I recently built a shop table/lathe stand out of 2×4s with a plywood top. I'm terribly allergic to pine, though, so I sealed all the wood in shellac before assembly.

All was fine for a while, but I went recently to rearrange some benches and to mount a vice on this one, and I'm finding white mold all over it. Of course it's in a cool and mildly humid basement, but there is no growth on anything else, only on the bench I built. I don't really think it was in the shellac, because it's also growing on the ply top. I've never experienced anything like this before, and it is startling!

There is plenty of rust around from old toolboxes and such, from my grandparents house which recently was emptied after my grandmother passed away, but I don't think the mold came with the toolbox or anything of the sort…

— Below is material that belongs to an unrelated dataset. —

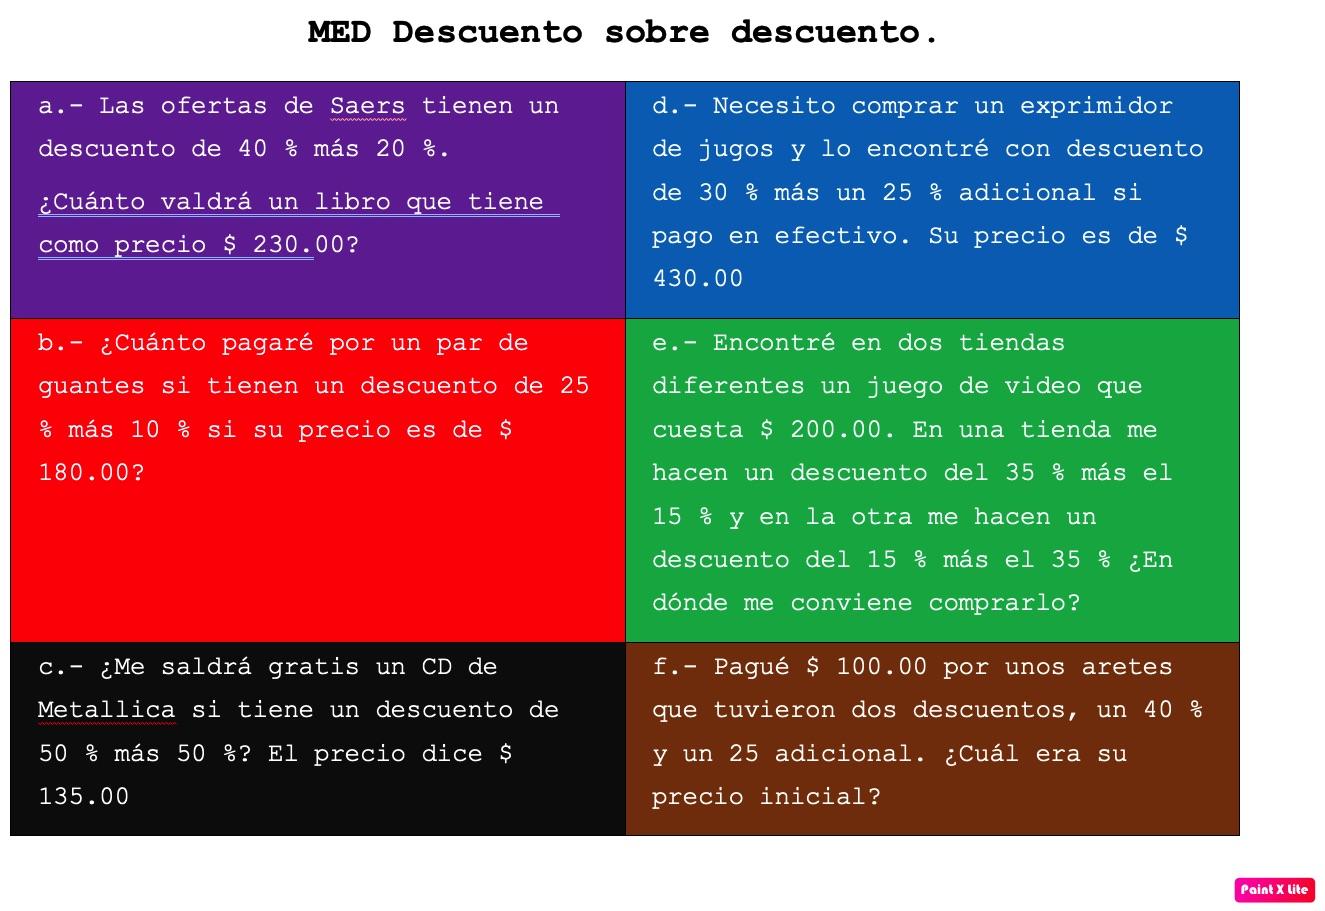 Descuento+sobre+descuento.jpg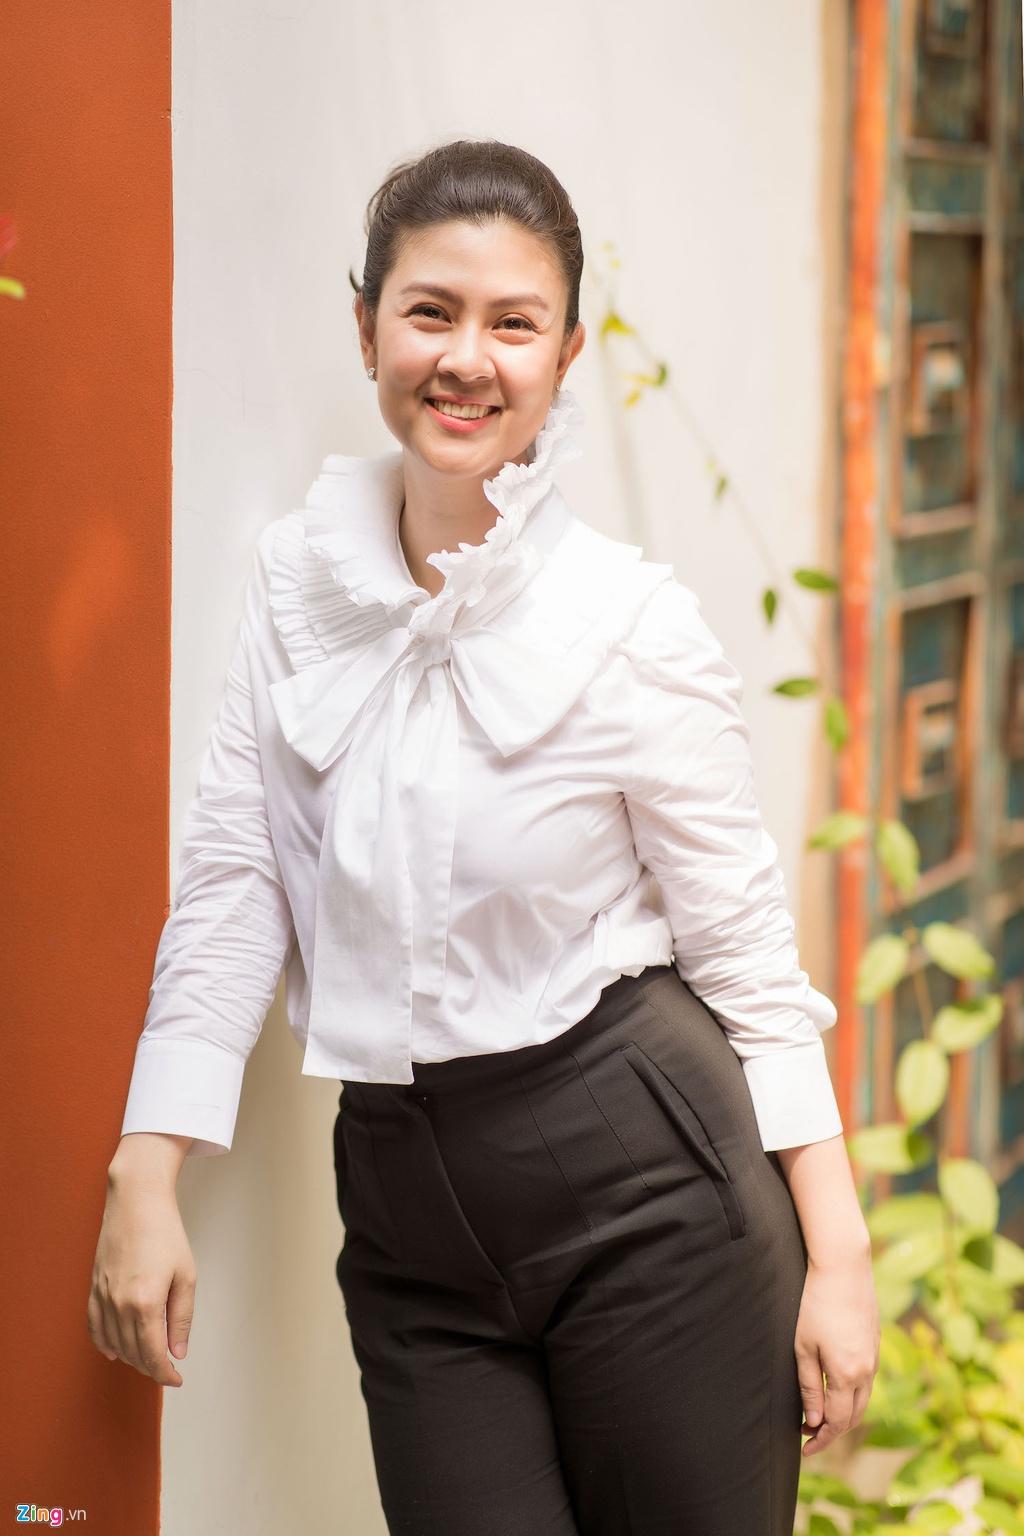 Kim Thu:'7 nam, toi khong mua duoc mot cai tui' hinh anh 4 NGT_zing-1103.jpg

Any guesses? Any suggestions?


----------



## CaptainKlutz (Apr 23, 2014)

Hmm. I'm no expert. Only seen mold on shellac twice. IME - Mold only grows on/under shellac when it has been compromised (softened) by vast amounts of water/solvents. Even Zinseer primer/sealcoat will allow mold growth eventually if it stays wet long enough. If this is a recent build, and this is the only piece affected, maybe the shellac was not applied thick enough to seal the wood properly and it is the wood that has absorbed the moisture and is growing through the thin finish?

I'd move it outside, scrub brush it with bleach water, let dry for a couple of weeks, then seal again with polyurethane or marine varnish.

I used a bench with poly in a damp basement for 5 years and even though the wall base trim had mold spots the bench never had an issue.

Best of luck figuring it out.


----------



## RussellAP (Feb 21, 2012)

You have mold on top of the finish or under it. White pine molds at the drop of a hat. A mild bleach solution with a rag will take care of it if it's on the top of the finish.


----------